(Given entries)

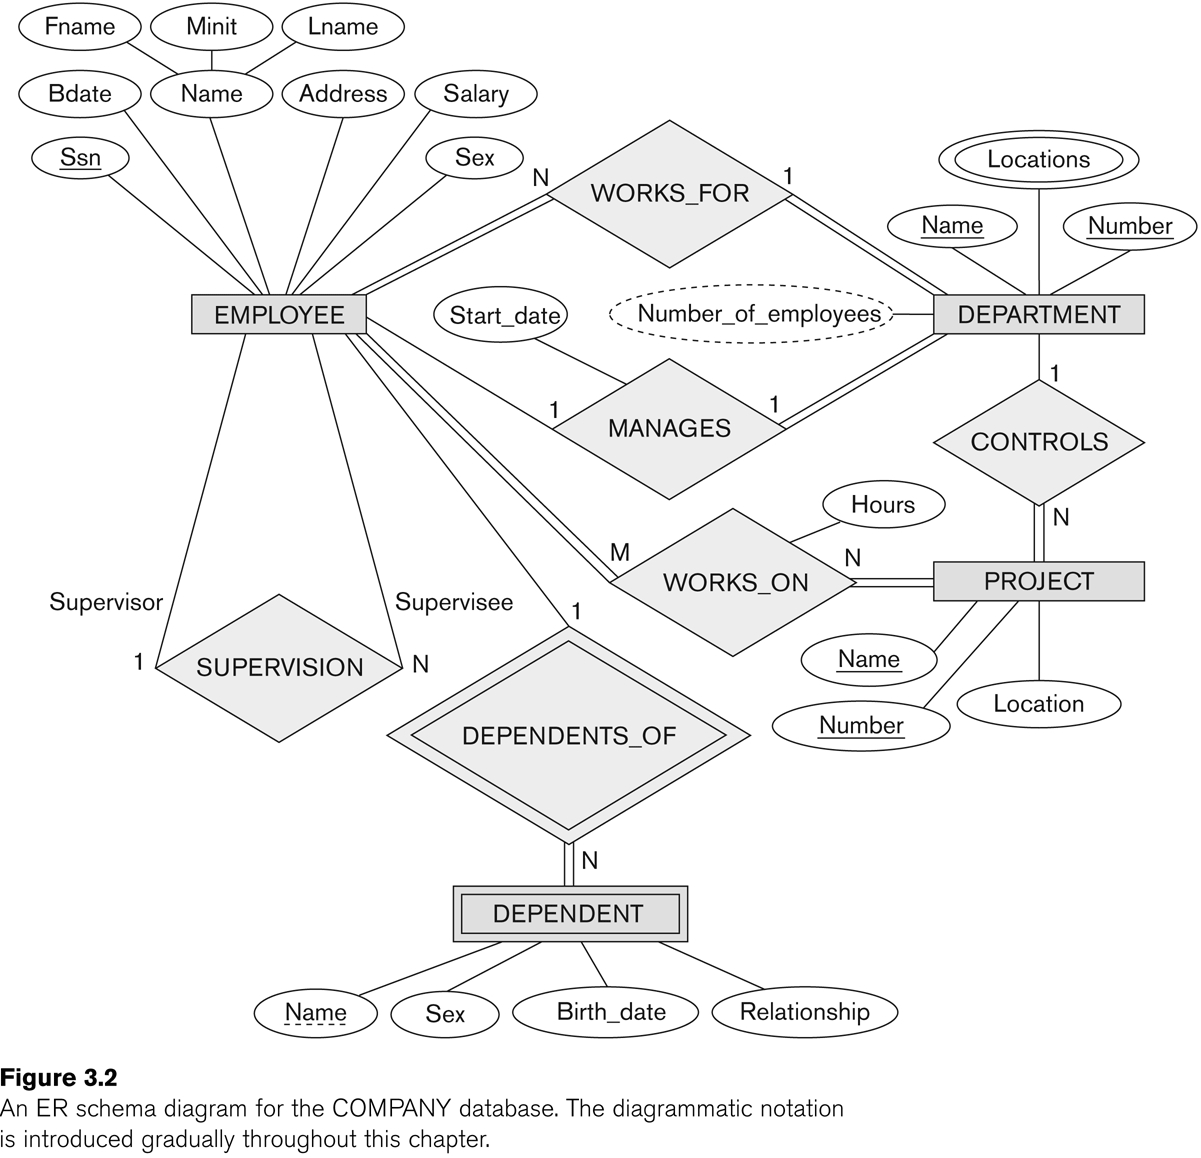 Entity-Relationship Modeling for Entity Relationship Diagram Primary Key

(End Given entries)
(Given entries)

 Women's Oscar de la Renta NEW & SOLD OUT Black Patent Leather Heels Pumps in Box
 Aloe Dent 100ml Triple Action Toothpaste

(End Given entries)
(Given entries)

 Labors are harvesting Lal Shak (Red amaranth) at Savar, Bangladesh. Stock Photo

(End Given entries)

▶ _What you have to do_:
Copy word for word the stretch of entries above from the line that has "Women's Oscar de" through the line that has "Aloe Dent 100ml Triple Action Toothpaste", both ends included, and nothing outside it.

▶ _Completed task_:
 Women's Oscar de la Renta NEW & SOLD OUT Black Patent Leather Heels Pumps in Box
 Aloe Dent 100ml Triple Action Toothpaste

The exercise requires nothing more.